Source data:

____________________

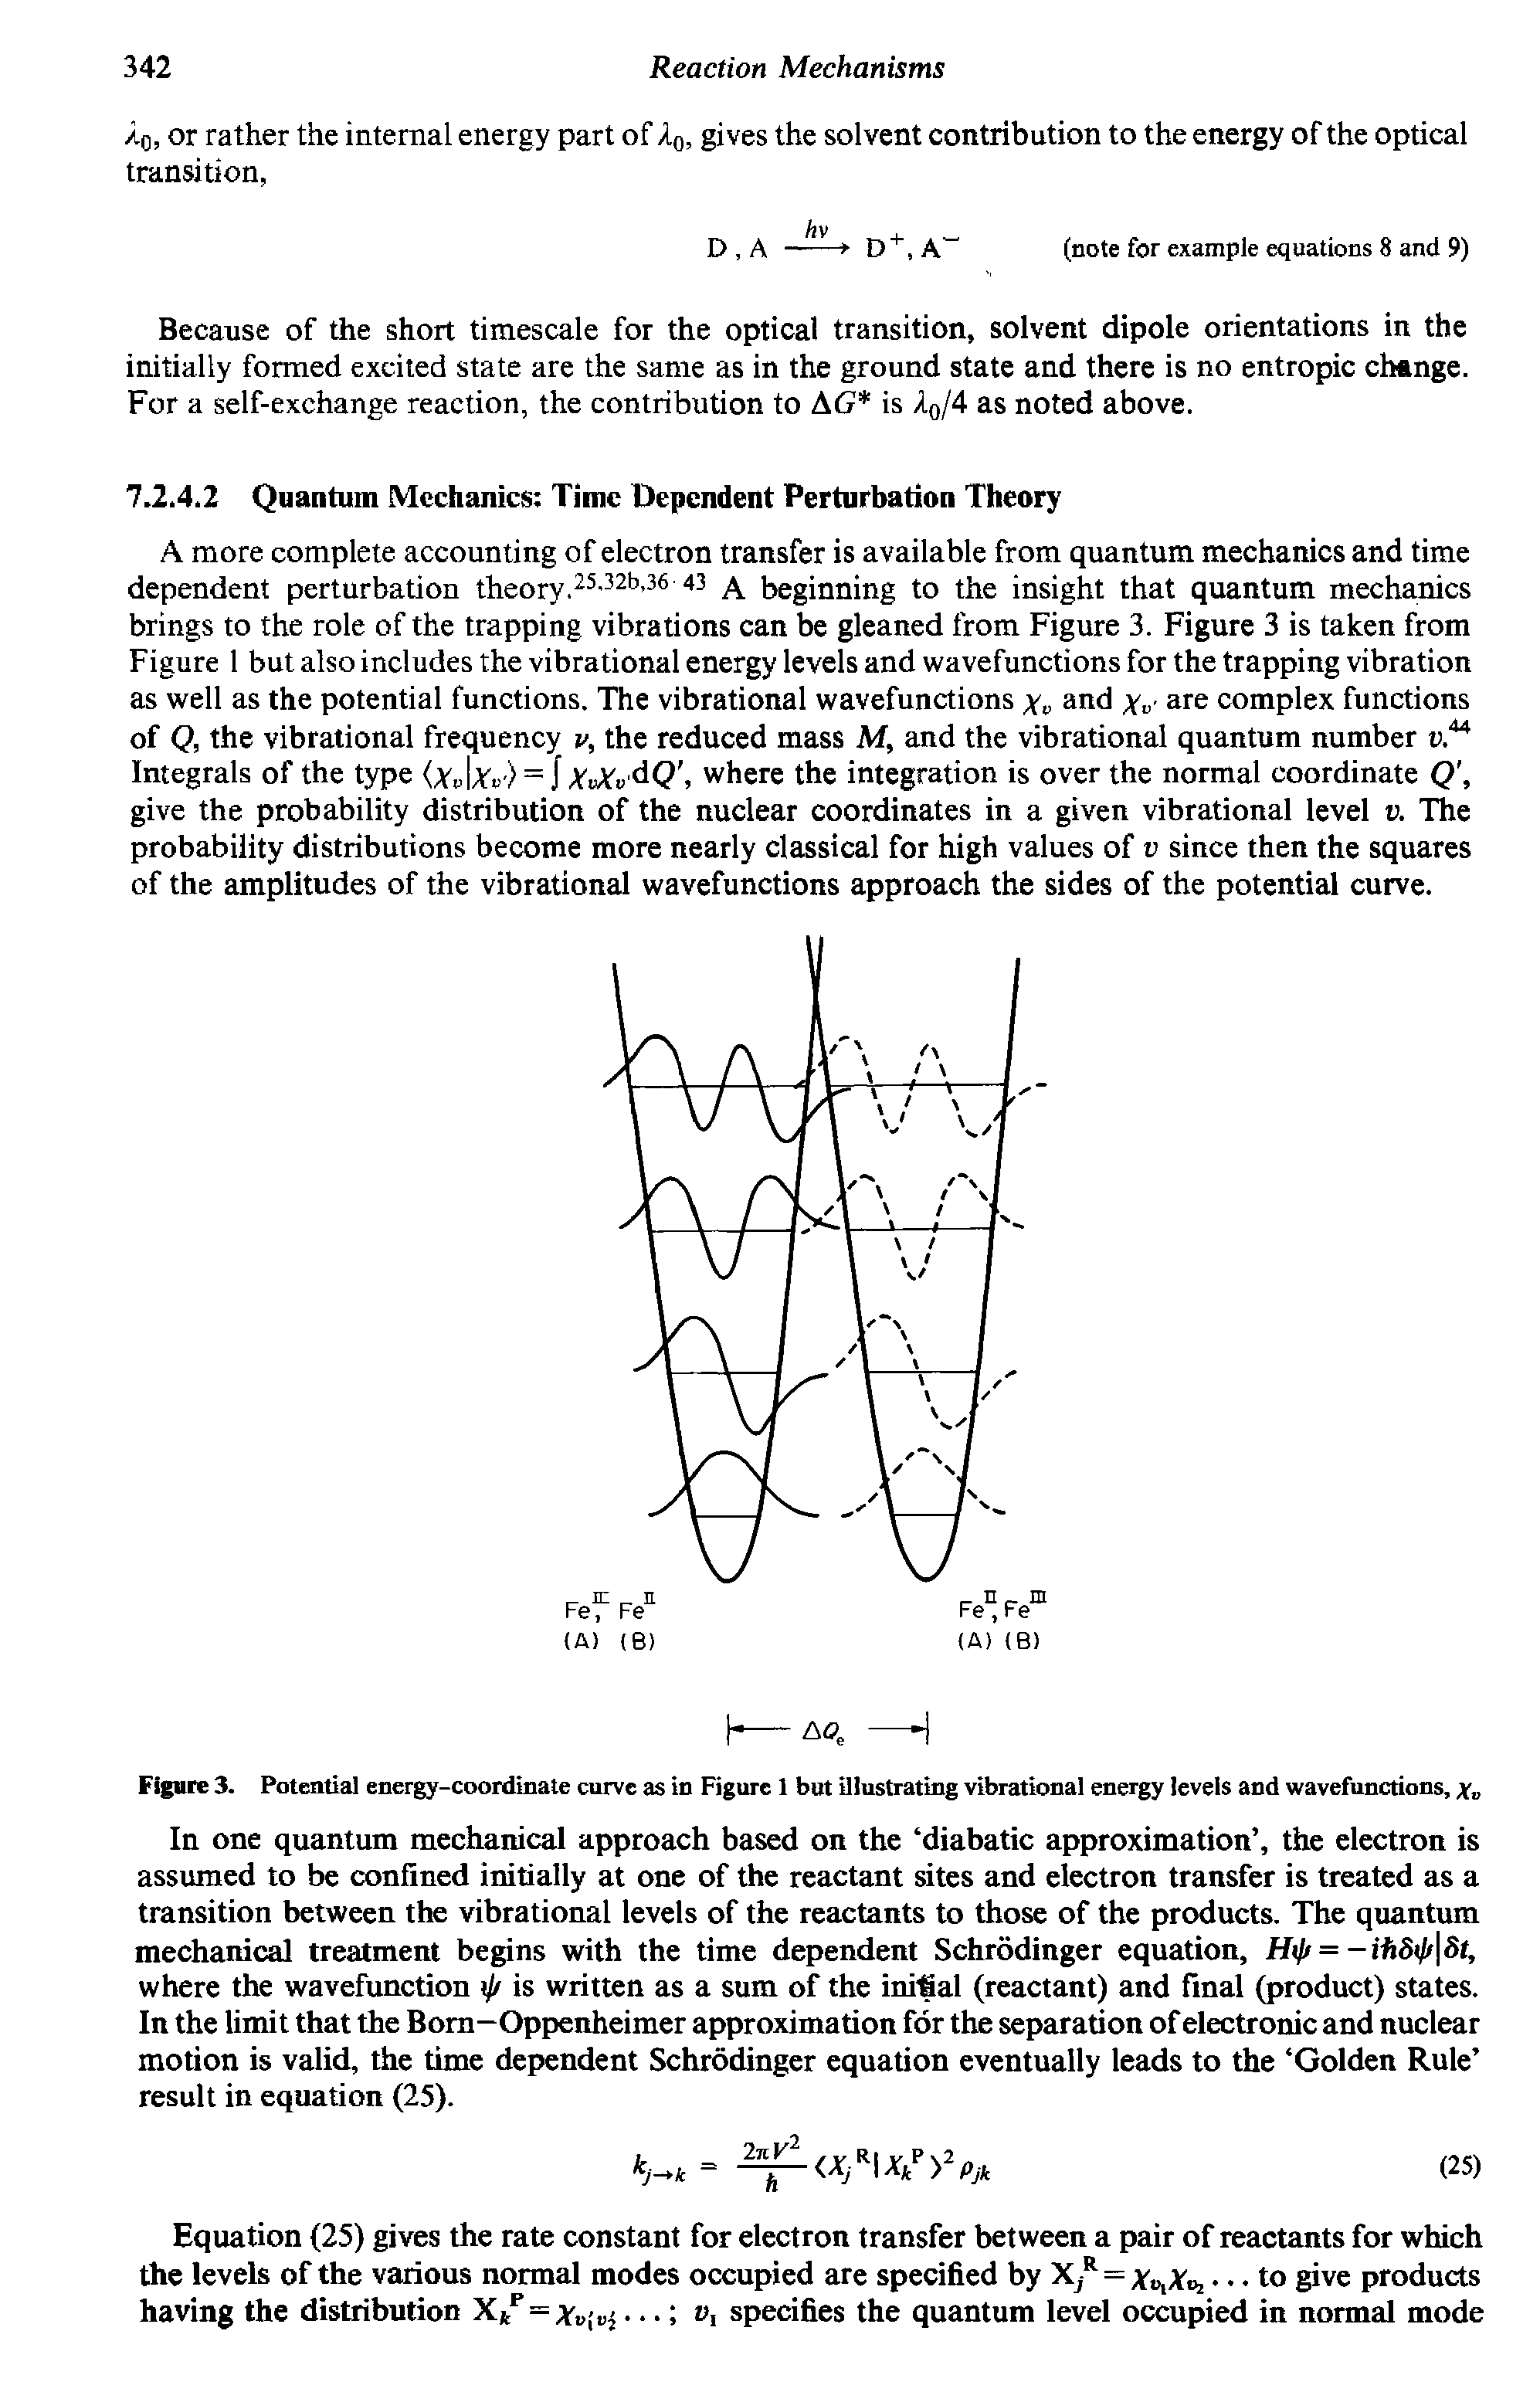 Figure 3. Potential energy-coordinate curve as in Figure 1 but illustrating vibrational energy levels and wavefunctions, xv...
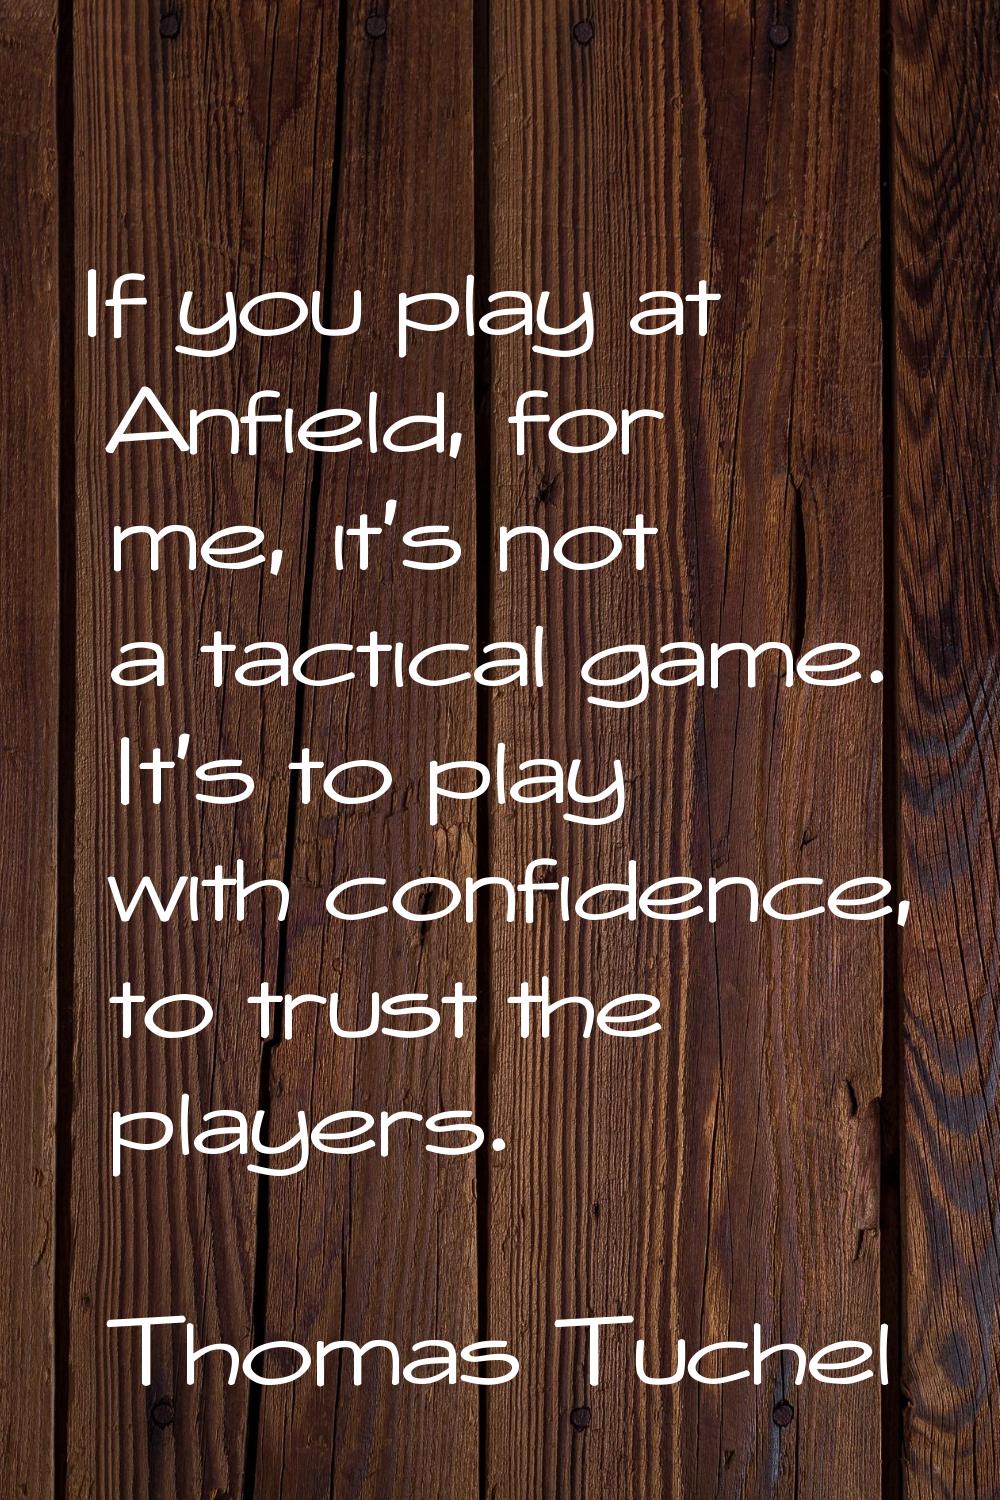 If you play at Anfield, for me, it's not a tactical game. It's to play with confidence, to trust th
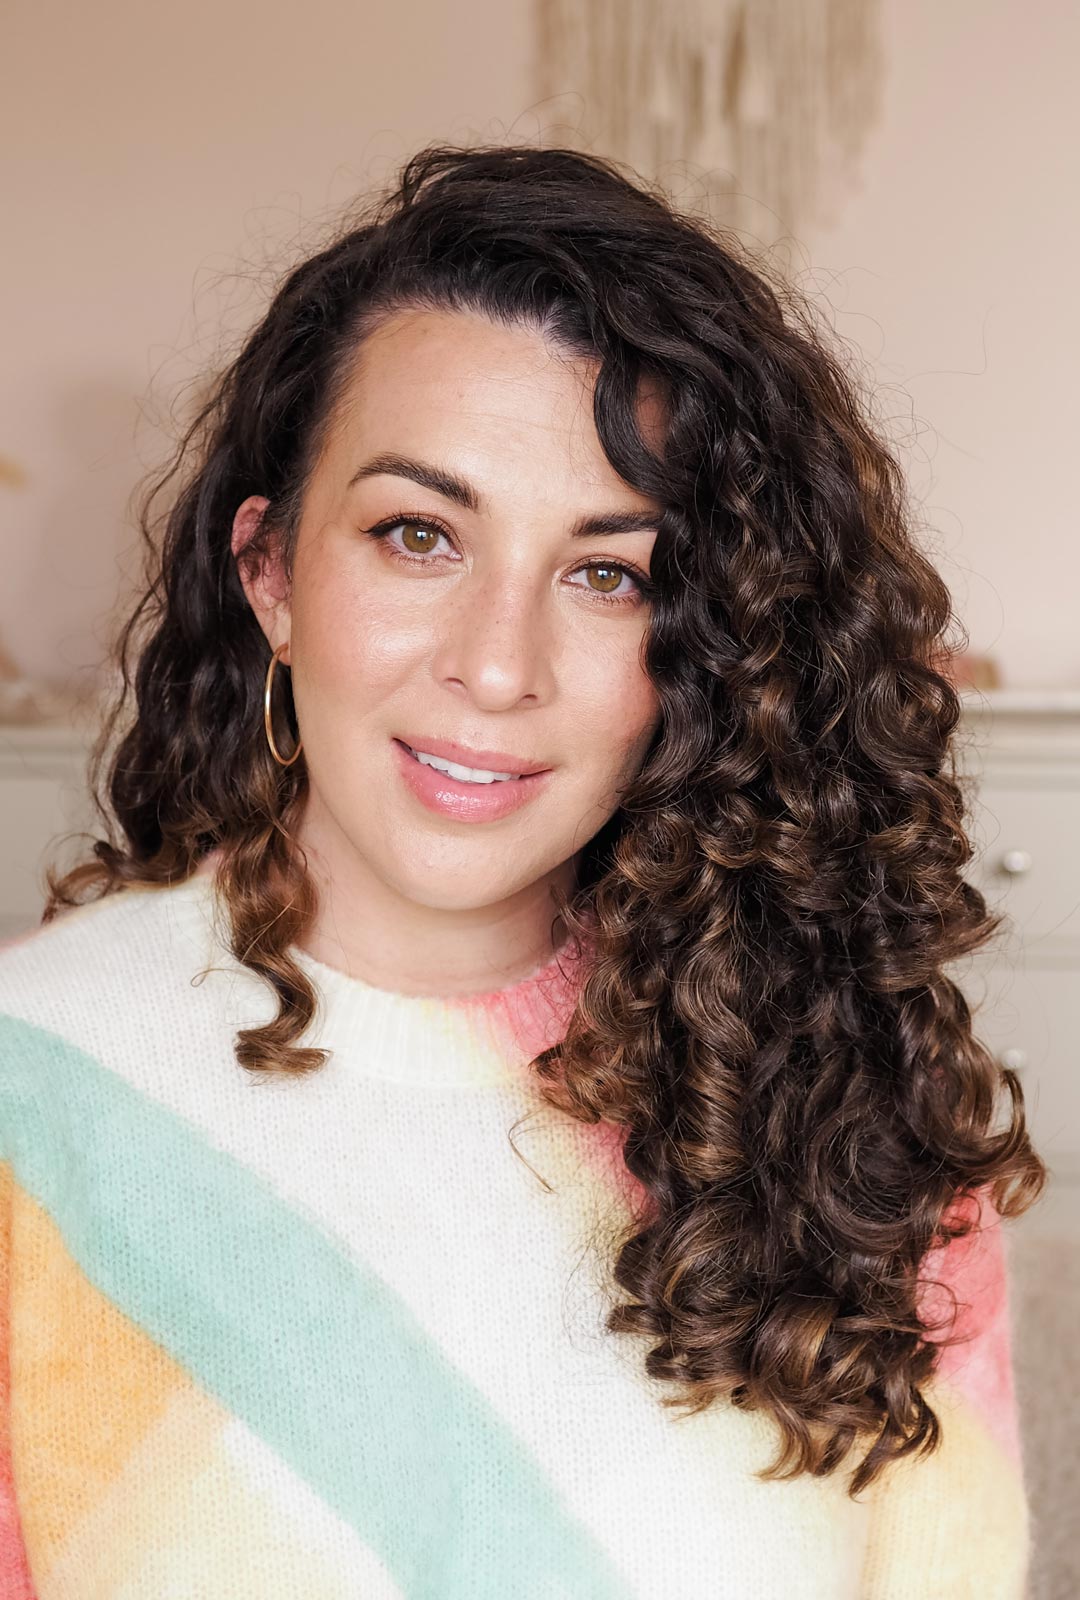 How to build a fragrance free curly hair routine

____________________

Brief: Could each line of the data be written out exactly, with no pictures included?

Reply to the exercise:
 Figure 3. Potential energy-coordinate curve as in Figure 1 but illustrating vibrational energy levels and wavefunctions, xv...
 If you play at Anfield, for me, it's not a tactical game. It's to play with confidence, to trust th
 How to build a fragrance free curly hair routine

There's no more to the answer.